## Description of the task
Retype the entries exactly, but skip the pictures.

::::::::::

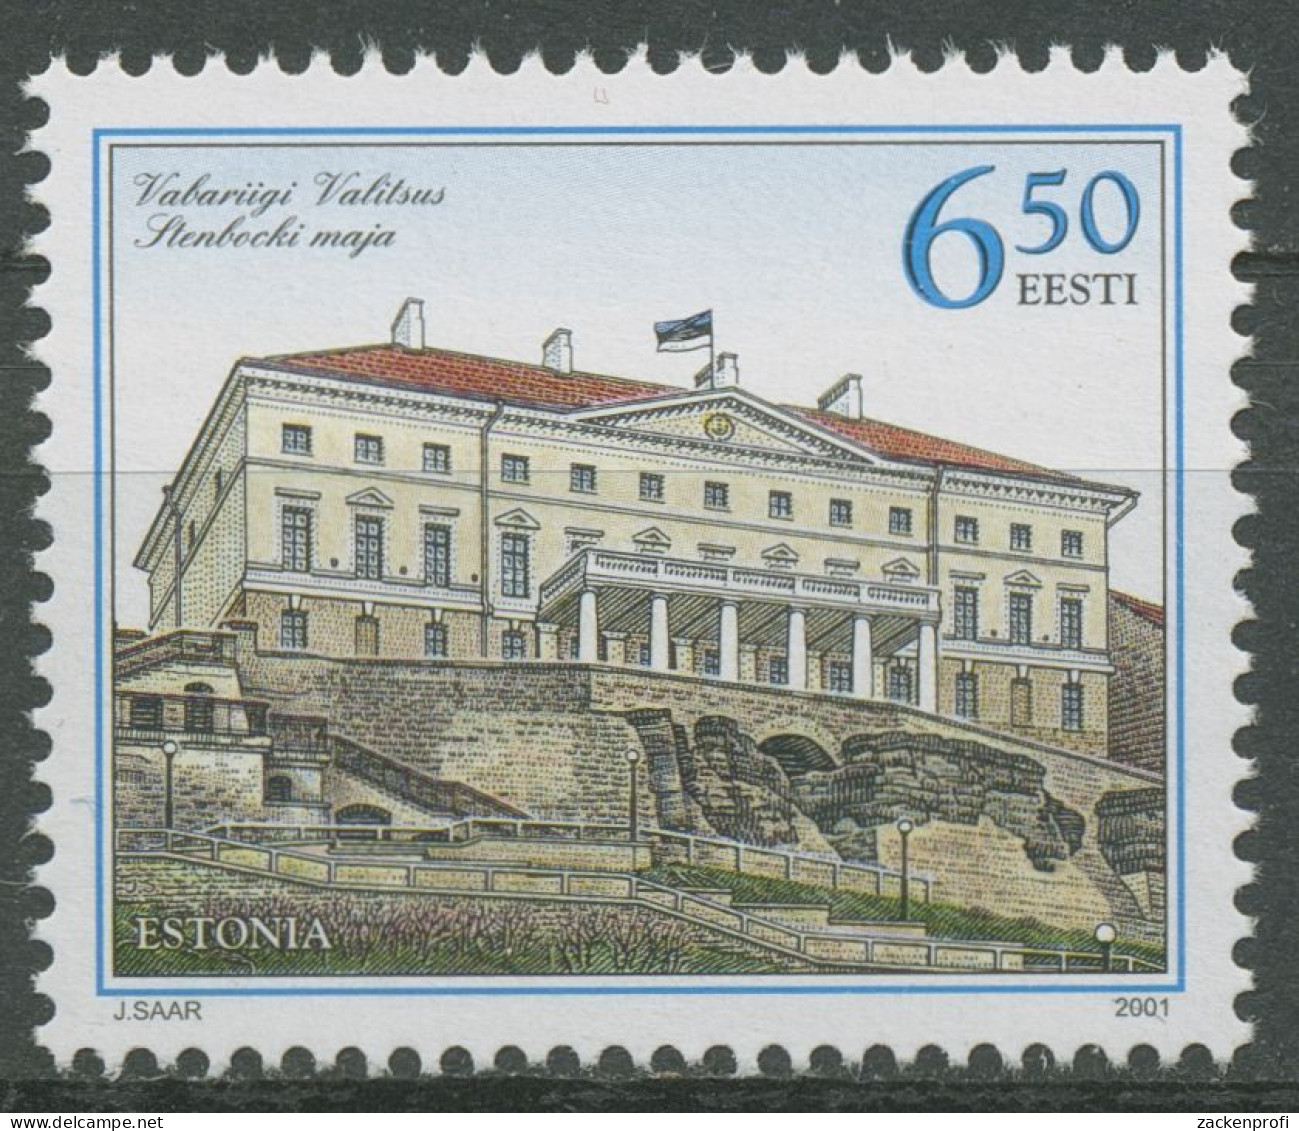 Estland 2001 Regierungssitz Stenbock-Palast Tallin 393 Postfrisch - Estonie
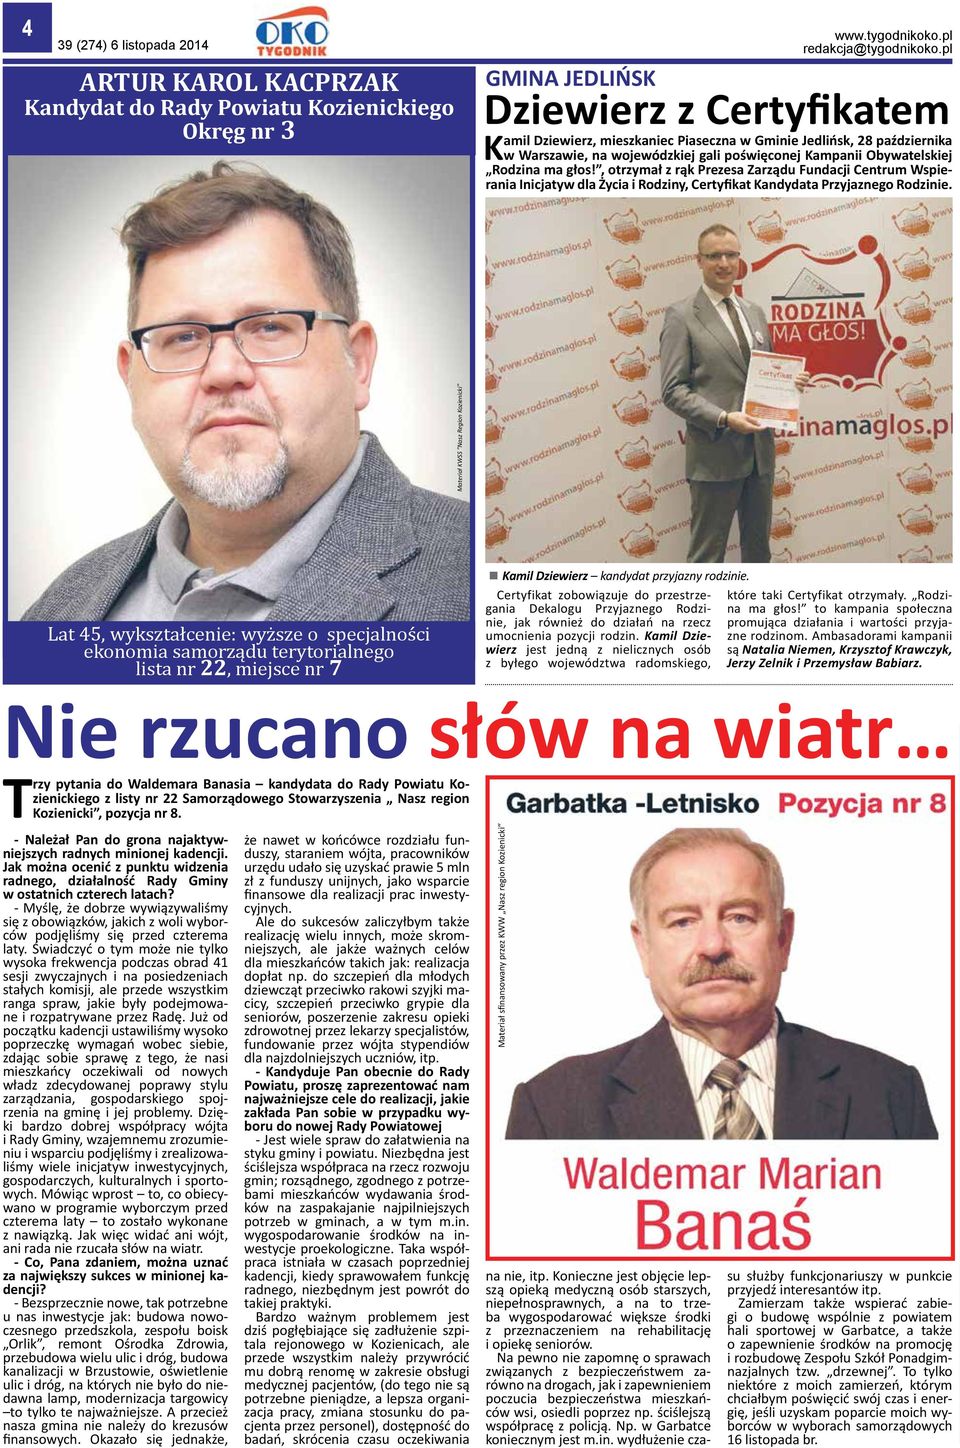 Warszawie, na wojewódzkiej gali poświęconej Kampanii Obywatelskiej Rodzina ma głos!
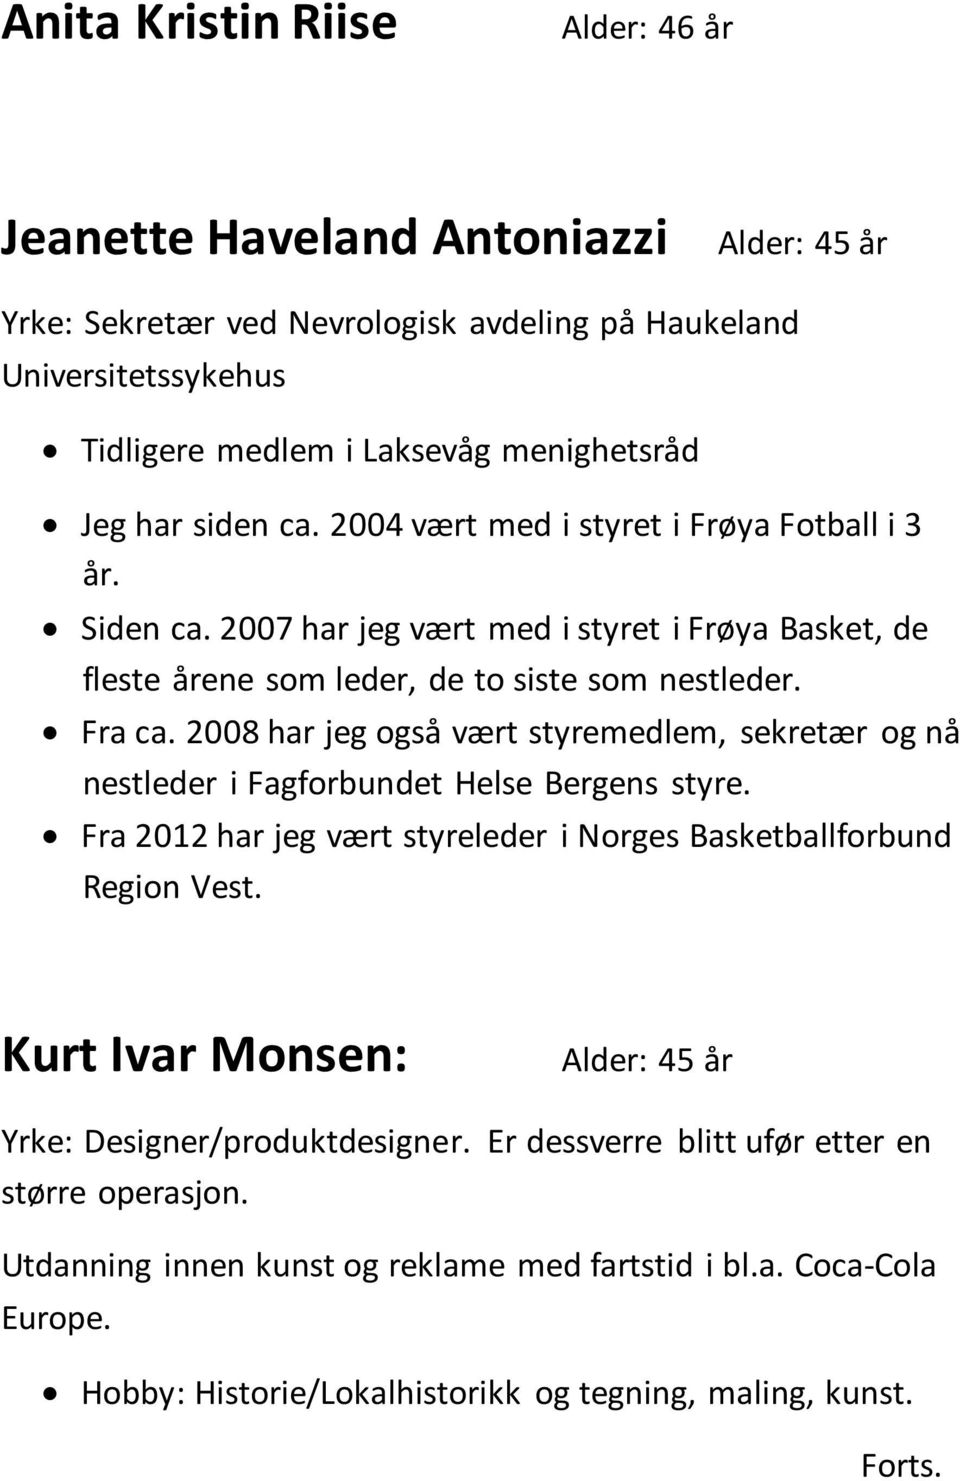 2008 har jeg også vært styremedlem, sekretær og nå nestleder i Fagforbundet Helse Bergens styre. Fra 2012 har jeg vært styreleder i Norges Basketballforbund Region Vest.
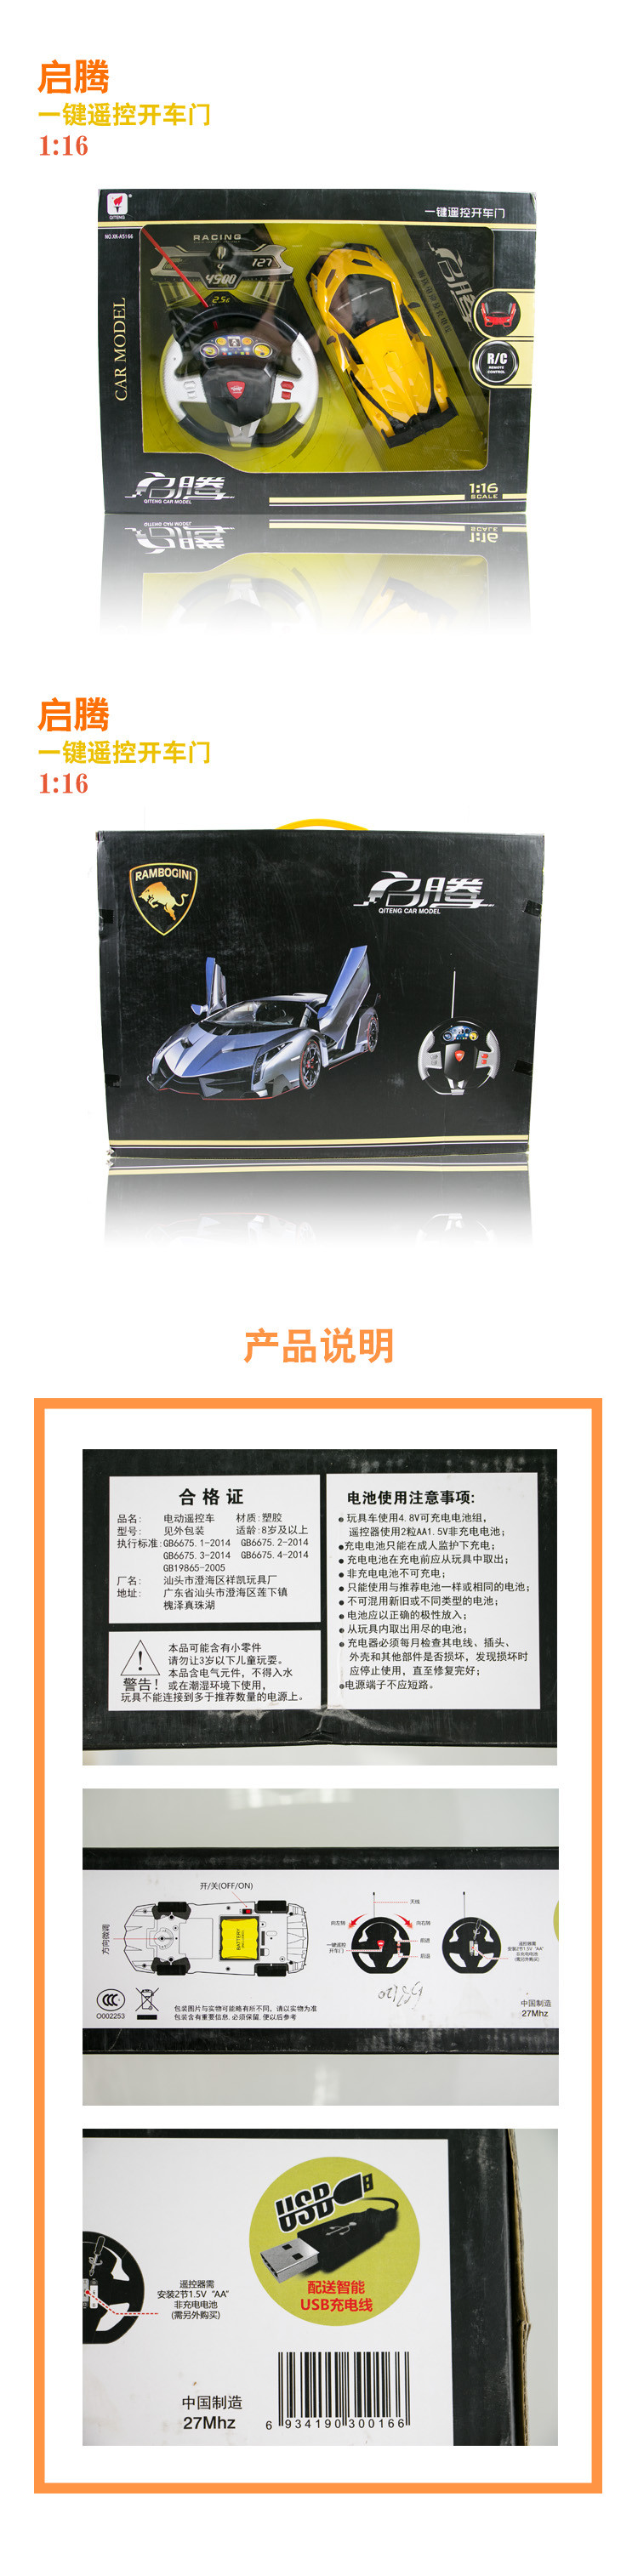 邮乐萍乡馆启腾XK-A5166黄色电动 摇控车儿童玩具男孩玩具车带充电电池遥控器非充电电池需另购
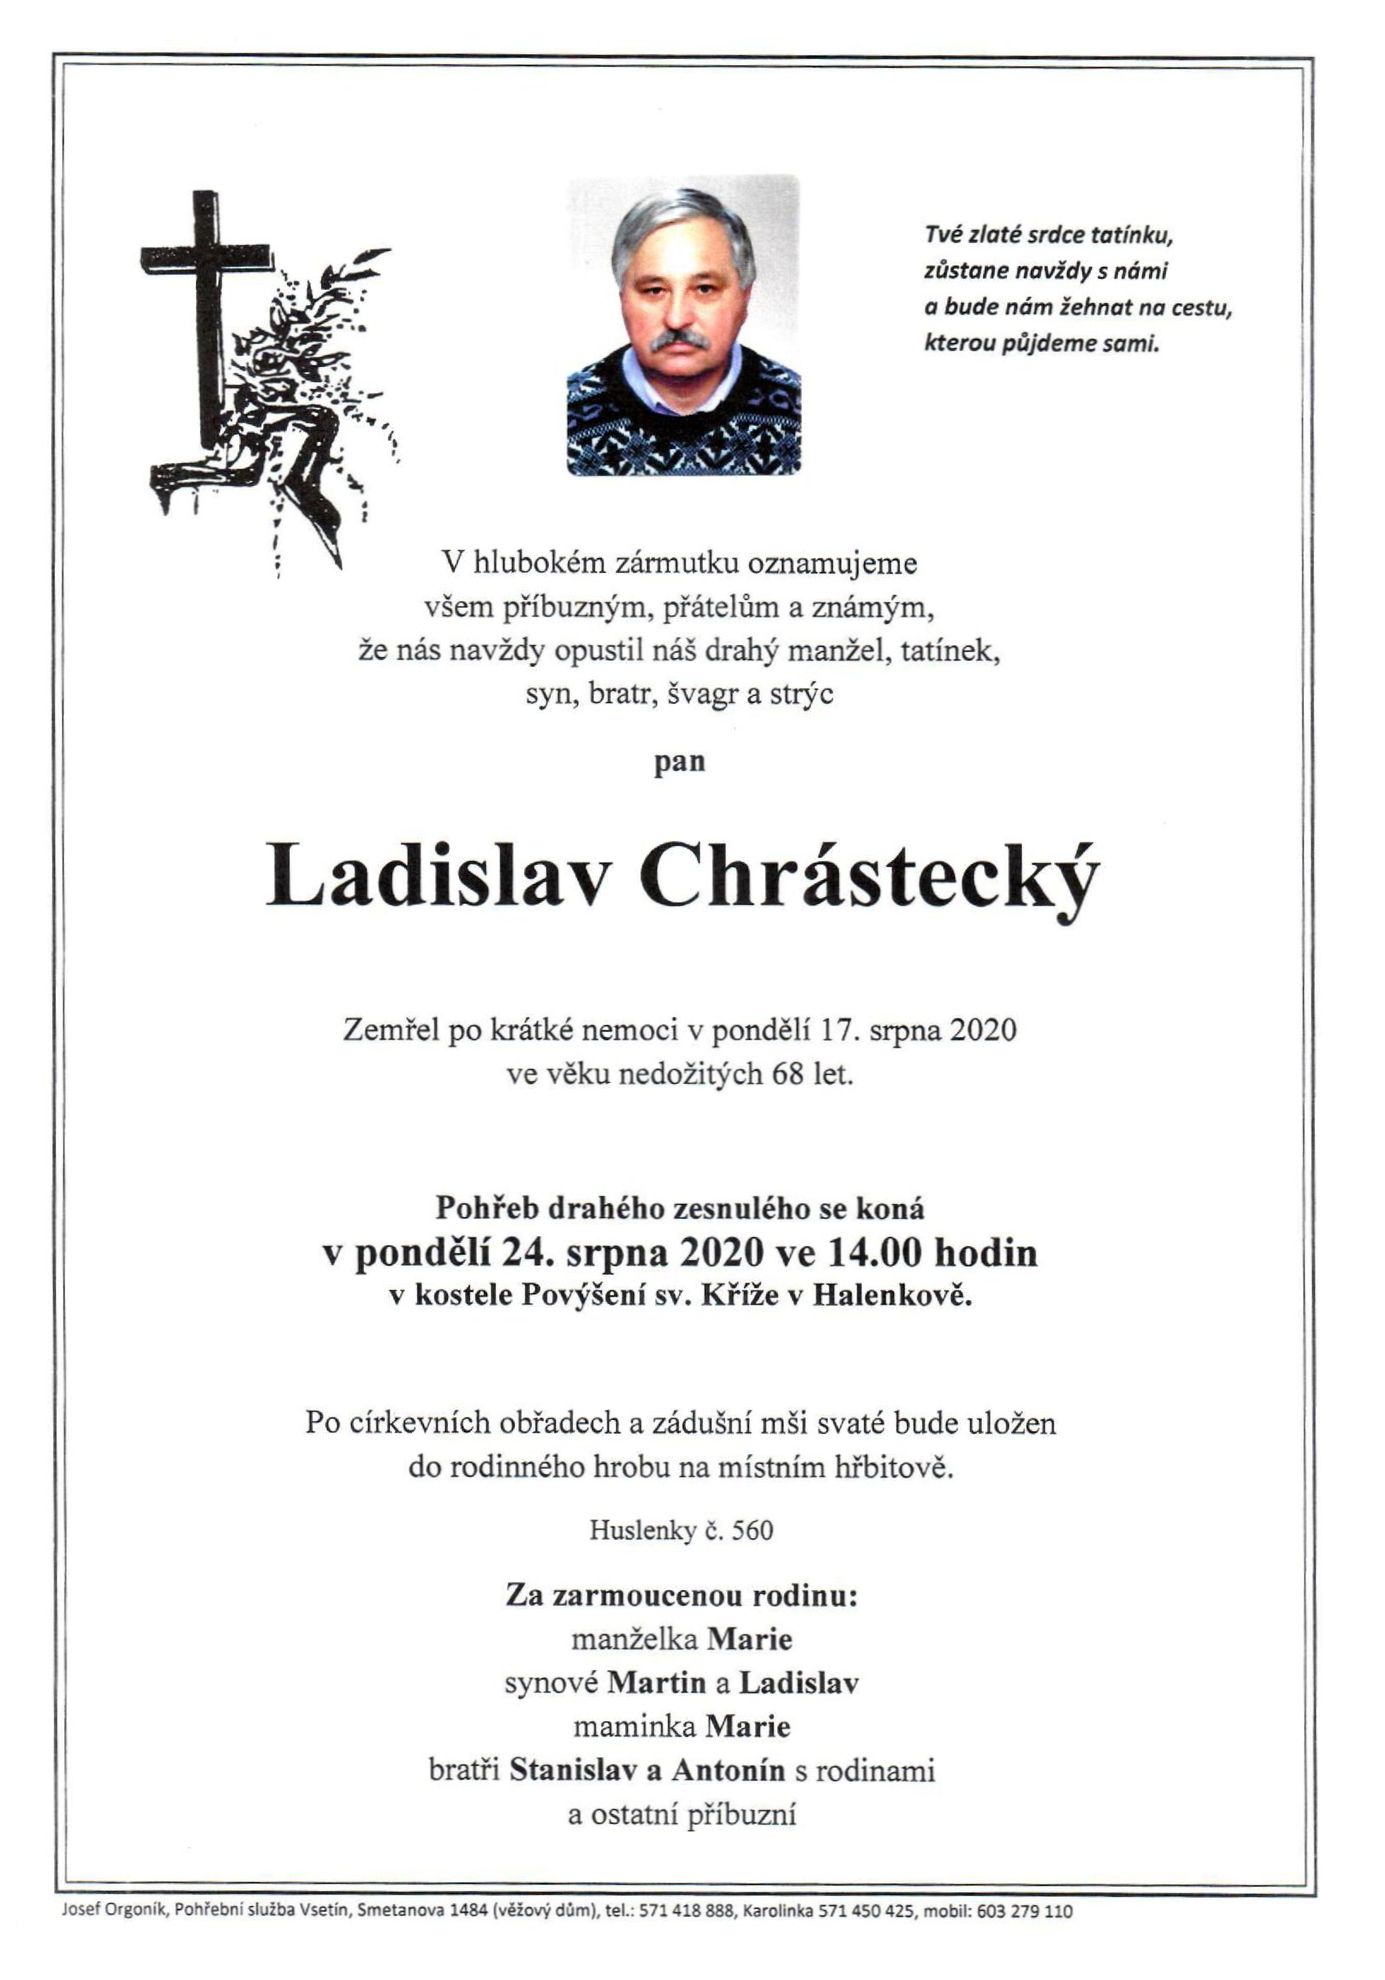 Ladislav Chrástecký

::::::::::

## The answer
 Estland 2001 Regierungssitz Stenbock-Palast Tallin 393 Postfrisch - Estonie
 Warszawie, na wojewódzkiej gali poświęconej Kampanii Obywatelskiej Rodzina ma głos!
 2008 har jeg også vært styremedlem, sekretær og nå nestleder i Fagforbundet Helse Bergens styre. Fra 2012 har jeg vært styreleder i Norges Basketballforbund Region Vest.
 邮乐萍乡馆启腾XK-A5166黄色电动 摇控车儿童玩具男孩玩具车带充电电池遥控器非充电电池需另购
 Ladislav Chrástecký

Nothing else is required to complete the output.